After attending the University of Edinburgh, Carlyle became a mathematics teacher,[1] first in Annan and then in Kirkcaldy, where Carlyle became close friends with the mystic Edward Irving. (Confusingly, there is another Scottish Thomas Carlyle, born a few years later and also connected to Irving, through his work with the Catholic Apostolic Church.[3])
In 1819–1821, Carlyle returned to the University of Edinburgh, where he suffered an intense crisis of faith and conversion that would provide the material for Sartor Resartus ("The Tailor Retailored"), which first brought him to the public's notice.
Carlyle developed a painful stomach ailment, possibly gastric ulcers (which pseudo-medicine of the time attributed to this "crisis of faith"[4]), that remained throughout his life and contributed to his reputation as a crotchety, argumentative, and somewhat disagreeable personality.

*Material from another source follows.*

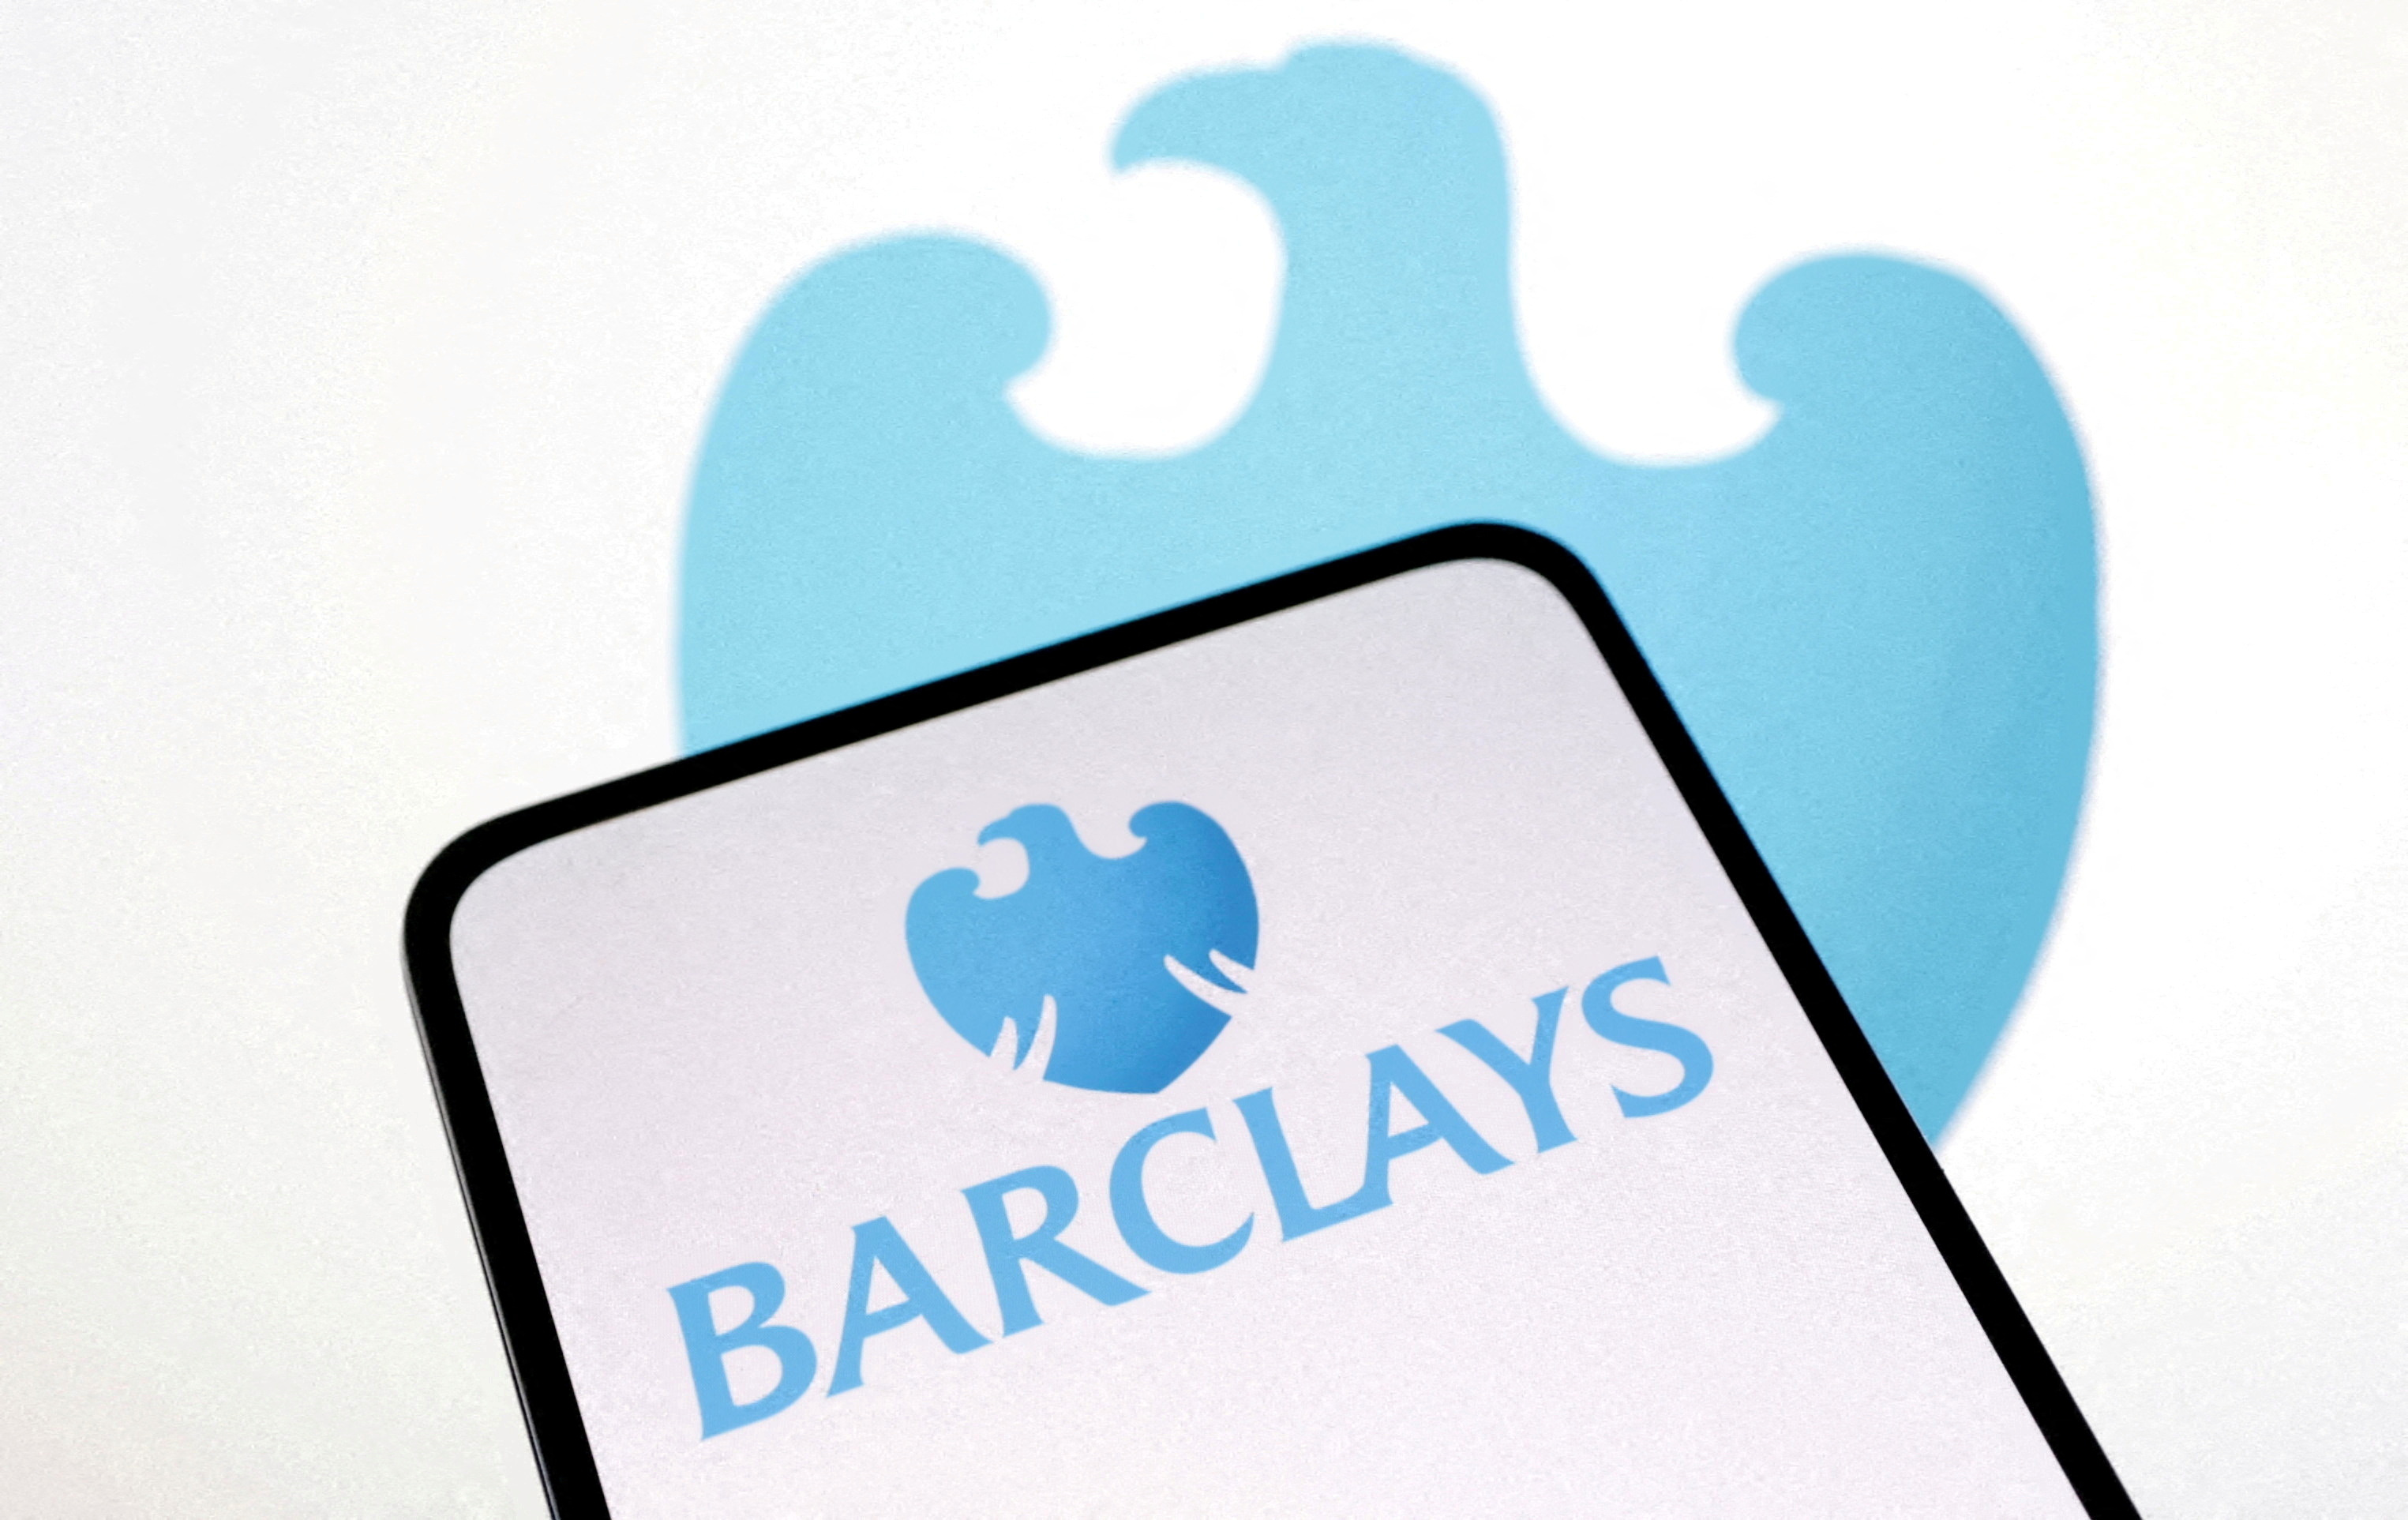 Illustration shows the logo of Barclays bank

His prose style, famously cranky and occasionally savage, helped cement a reputation of irascibility.[5]
He began reading deeply in German literature.[1] Carlyle's thinking was heavily influenced by German Idealism, in particular the work of Johann Gottlieb Fichte. He established himself as an expert on German literature in a series of essays for Fraser's Magazine, and by translating German writers, notably Goethe (the novel Wilhelm Meisters Lehrjahre).[1] He also wrote Life of Schiller (1825).[1]

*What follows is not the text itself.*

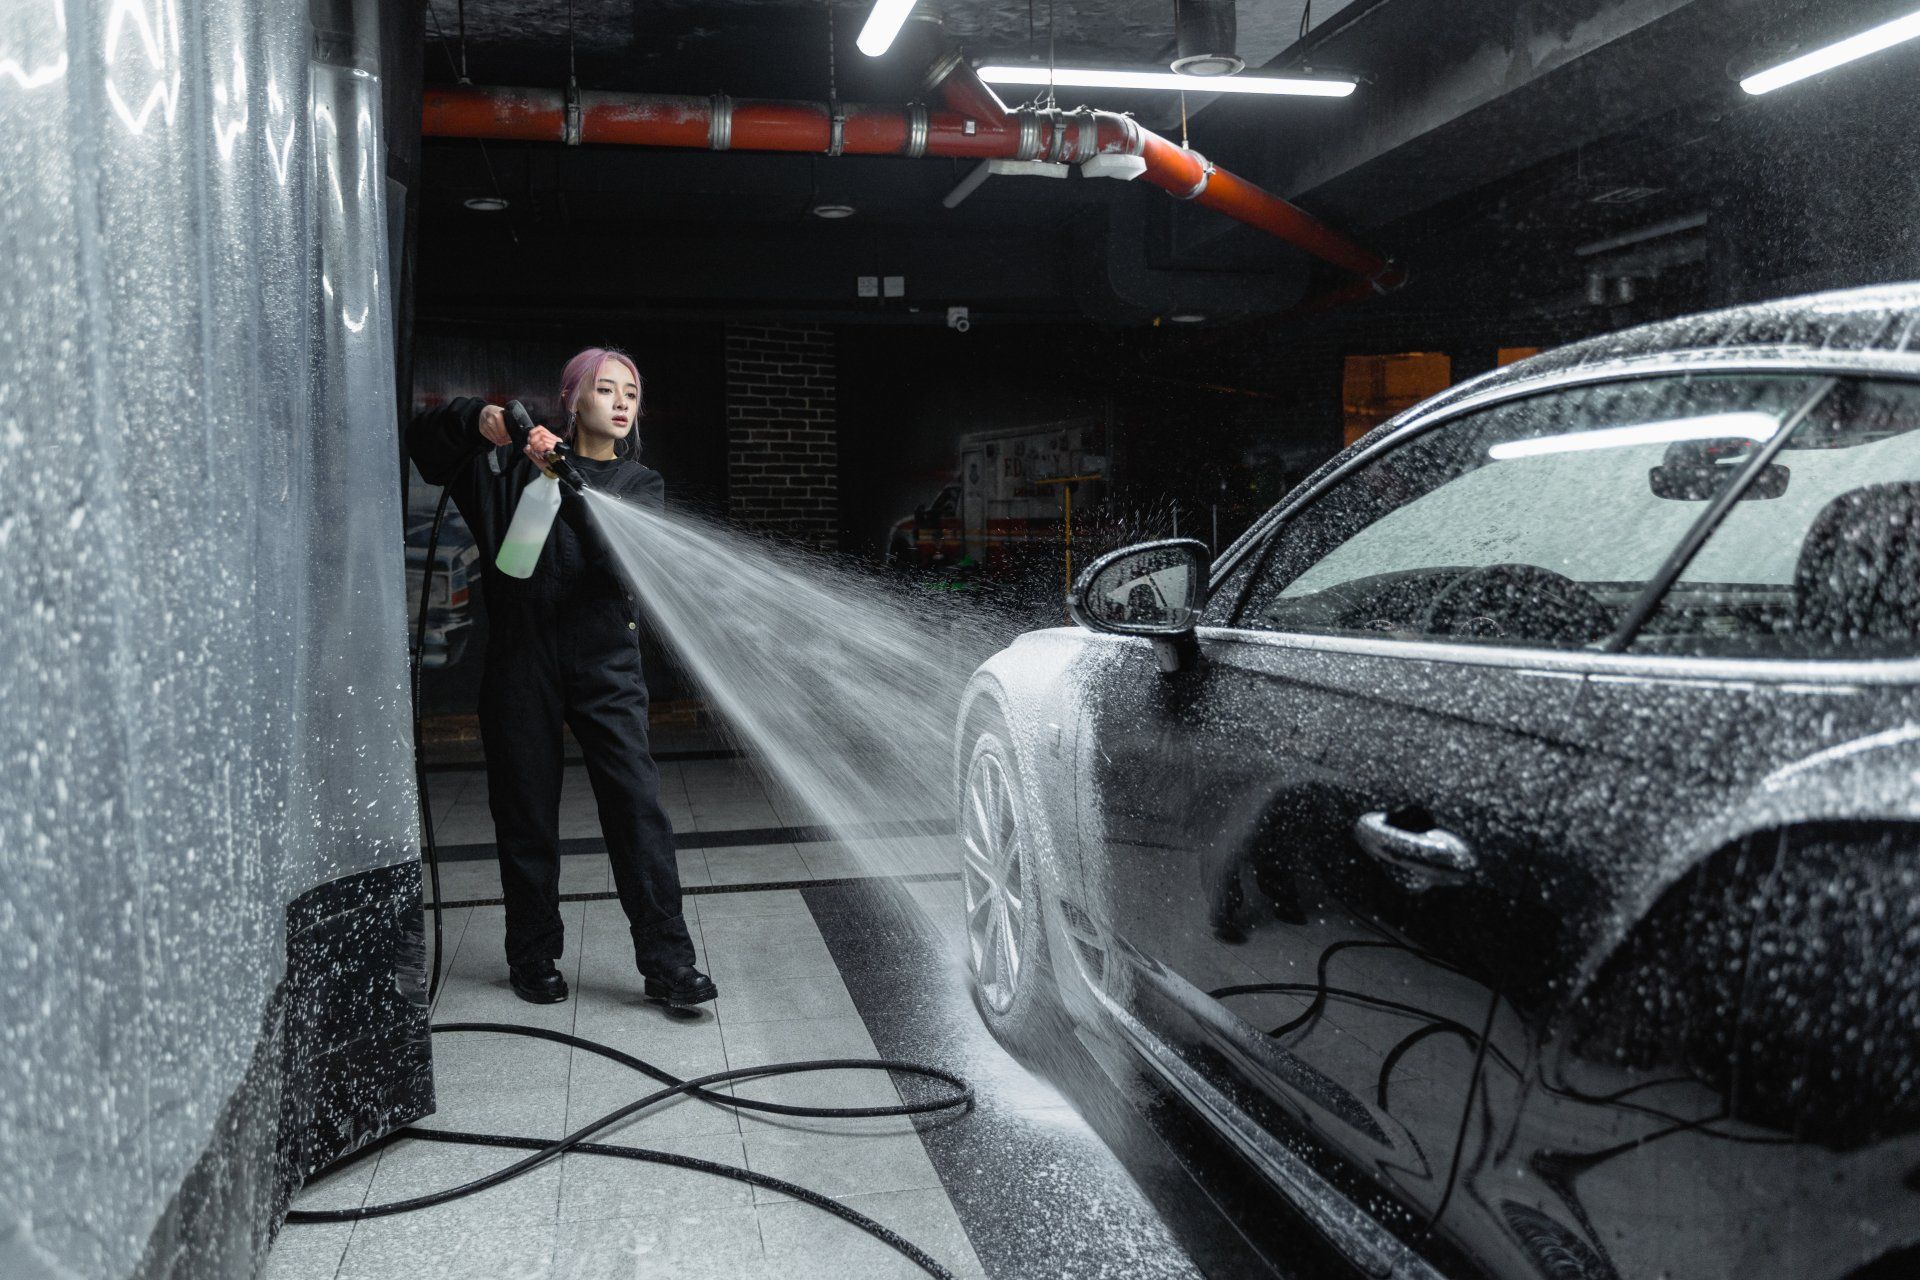 a person washing a vehicle

In 1826, Thomas Carlyle married Jane Baillie Welsh, herself a writer, whom he had met in 1821,[1] during his period of German studies.
His home in residence for much of his early life, after 1828, was a farm in Craigenputtock, a house in Dumfrieshire, Scotland where he wrote many of his works.[1] He often wrote about his life at Craigenputtock, "It is certain that for living and thinking in I have never since found in the world a place so favourable.... How blessed, might poor mortals be in the straitest circumstances if their wisdom and fidelity to heaven and to one another were adequately great!".
At the Craigenputtock farm, Carlyle also wrote some of his most distinguished essays, and he began a lifelong friendship with the American essayist Ralph Waldo Emerson.[1] In 1834, Carlyle moved to the Chelsea section of London, where he was then known as the "Sage of Chelsea" and became a member of a literary circle which included the essayists Leigh Hunt and John Stuart Mill.[1]
In London, Carlyle wrote The French Revolution: A History (3 volumes, 1837), as a historical study concerning oppression of the poor, which was immediately successful. That was the start of many other writings in London.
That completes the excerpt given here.